Ein palästinensischer Verantwortlicher sagte, es sei über die "komplementäre Rolle" der Huthi-Miliz "an der Seite der palästinensischen Gruppen, insbesondere im Fall einer israelischen Offensive gegen Rafah" gegangen. Israel hat die Offensive in der Stadt im Süden des Gazastreifens seit langem angekündigt und hält trotz internationaler Kritik, etwa von Seiten der Bundesregierung, daran fest. Ein Zeitpunkt für den Beginn der Offensive im Süden des Gazastreifens wurde jedoch noch nicht bekannt gegeben.
Die Hamas und die Huthi-Miliz sind Teil der gegen Israel gerichteten und vom Iran unterstützten "Achse des Widerstands", zu der auch die schiitische Hisbollah-Miliz im Libanon und irakische Milizen gehören. Dabei greifen die Huthi-Rebellen seit Monaten Schiffe im Roten Meer und im Golf von Aden an, um sich nach eigenen Angaben mit den Palästinensern im Krieg gegen Israel zu solidarisieren. Die USA und Großbritannien führen ihrerseits Luftangriffe auf Huthi-Stellungen aus, um damit Attacken auf Handelsschiffe zu verhindern.
Am Samstag zerstörten die US-Streitkräfte nach eigenen Angaben eine Drohne und weitere Waffen der Huthis. Die Rebellen hätten zwei Drohnen in Richtung Rotes Meer gestartet, erklärte das für den Nahen Osten zuständige US-Zentralkommando (Centcom) im Onlinedienst X. Die US-Truppen hätten eine Drohne abgeschossen, die andere sie vermutlich ins Rote Meer gestürzt. Zudem seien fünf unbemannte Wasserfahrzeuge und eine Drohne in Gebiete unter Kontrolle der Huthis im Jemen zerstört worden.
Derweil wurde am Sonntag offenbar erneut ein Handelsschiff vor der Küste Jemens angegriffen. Die Besatzung habe am Sonntag eine Explosion "in unmittelbarer Nähe des Schiffs" gemeldet, teilte die britische Behörde für Seehandel (UKMTO) mit.

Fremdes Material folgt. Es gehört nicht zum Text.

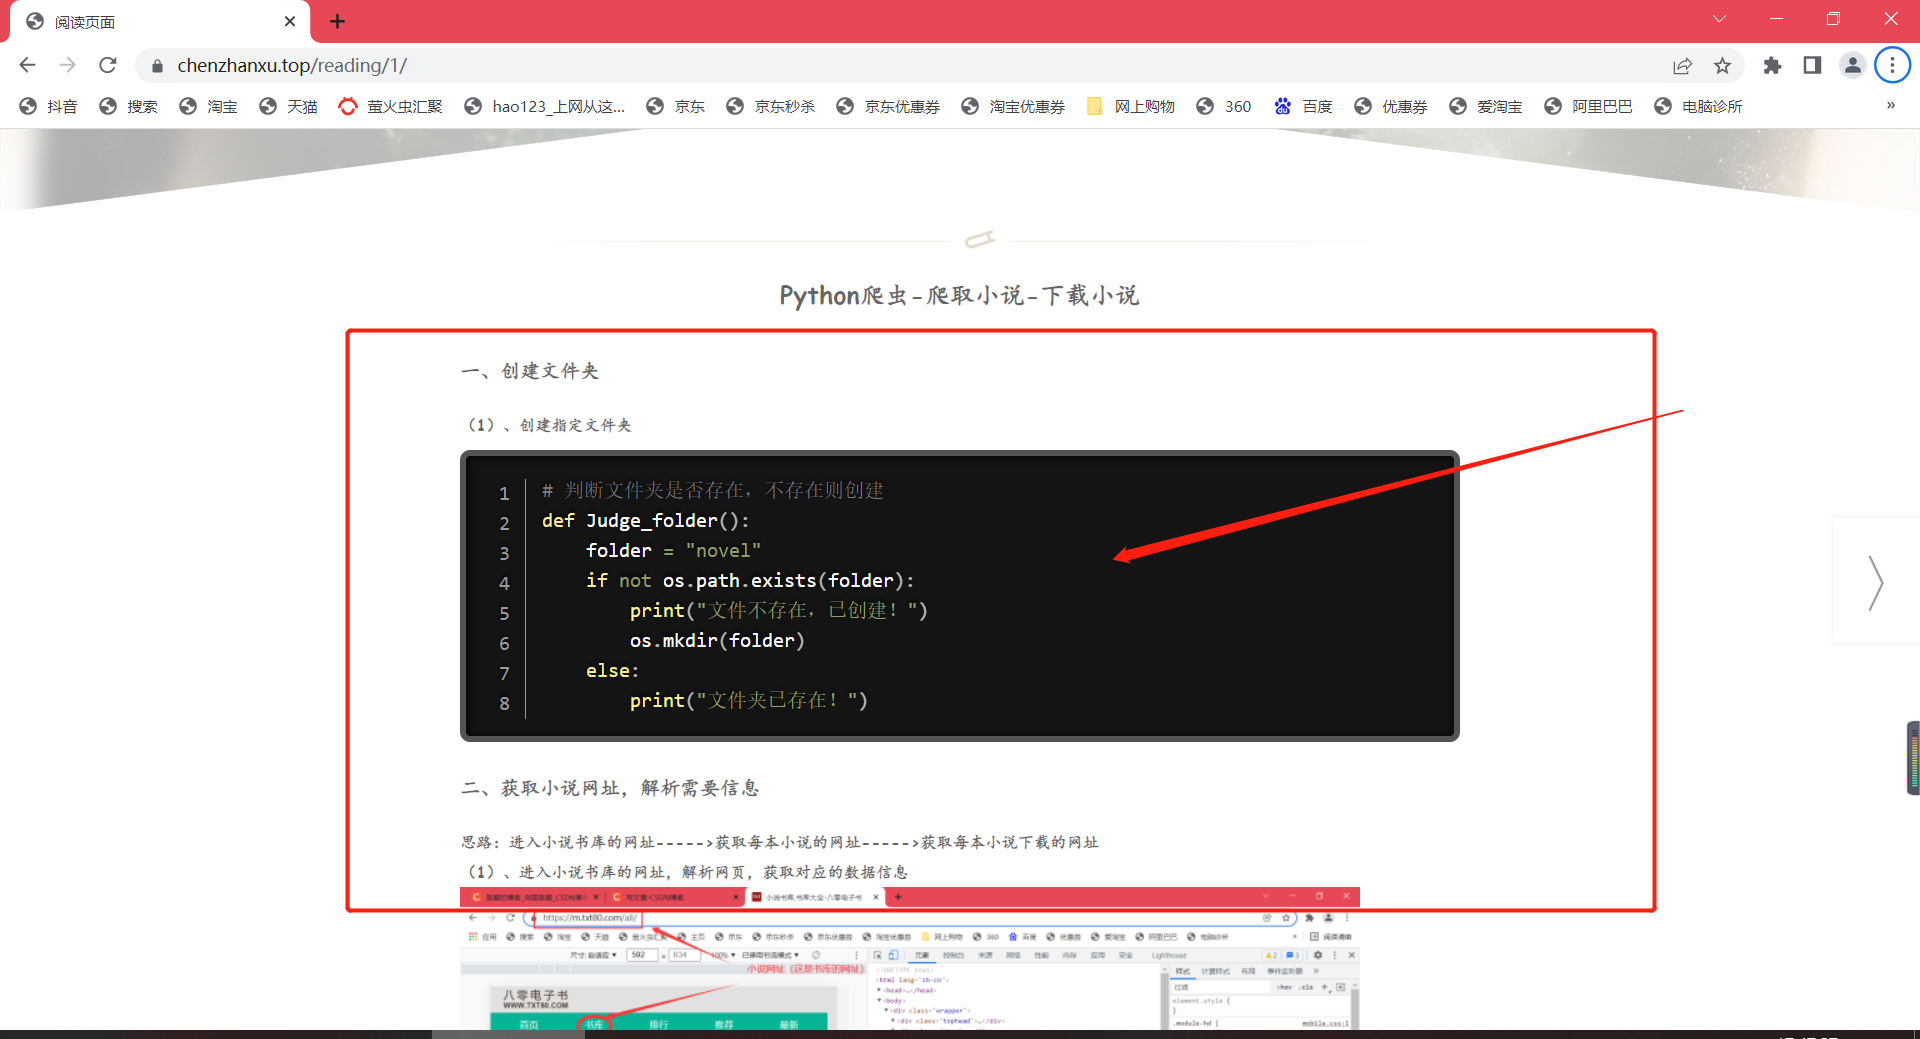 ckeditor4 代码插件亮度与HTML显示代码的亮度问题
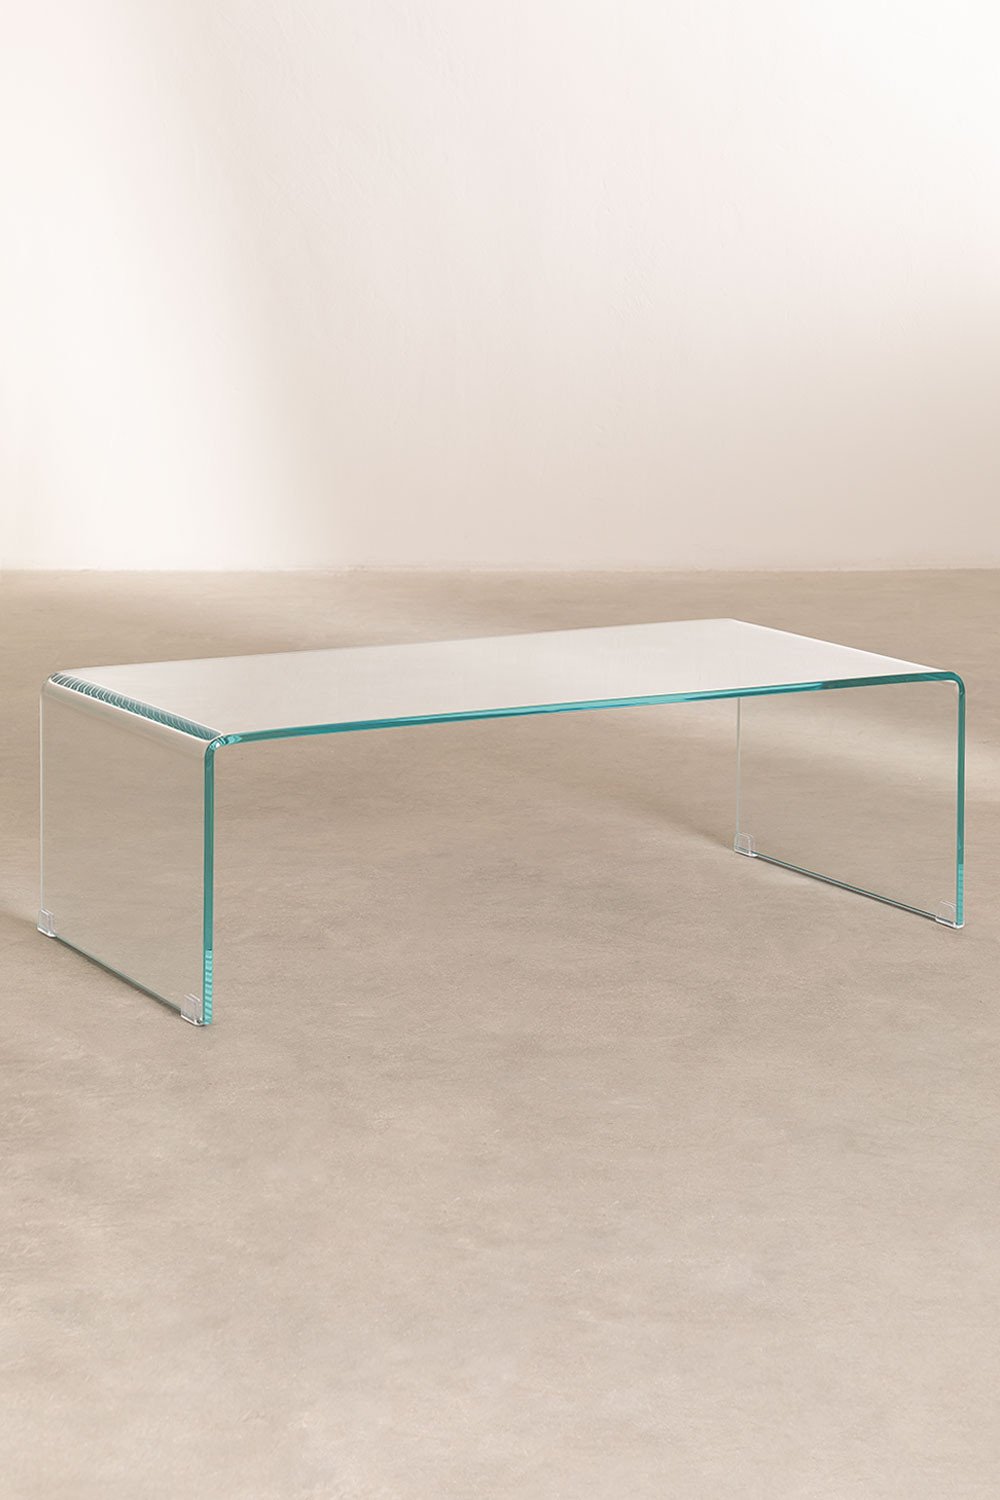 Table basse en verre transparent (110x55 cm) Crhis, image de la galerie 2

Es seien keine Verletzten oder Schäden am Schiff gemeldet worden, erklärte die Behörde, die keine näheren Angaben zu dem Handelsschiff machte. Zu dem Angriff bekannte sich zunächst niemand.
Viele Reedereien meiden wegen der Angriffe inzwischen die wichtige Seehandelsroute, über die normalerweise zwölf Prozent des weltweiten Seehandels abgewickelt werden.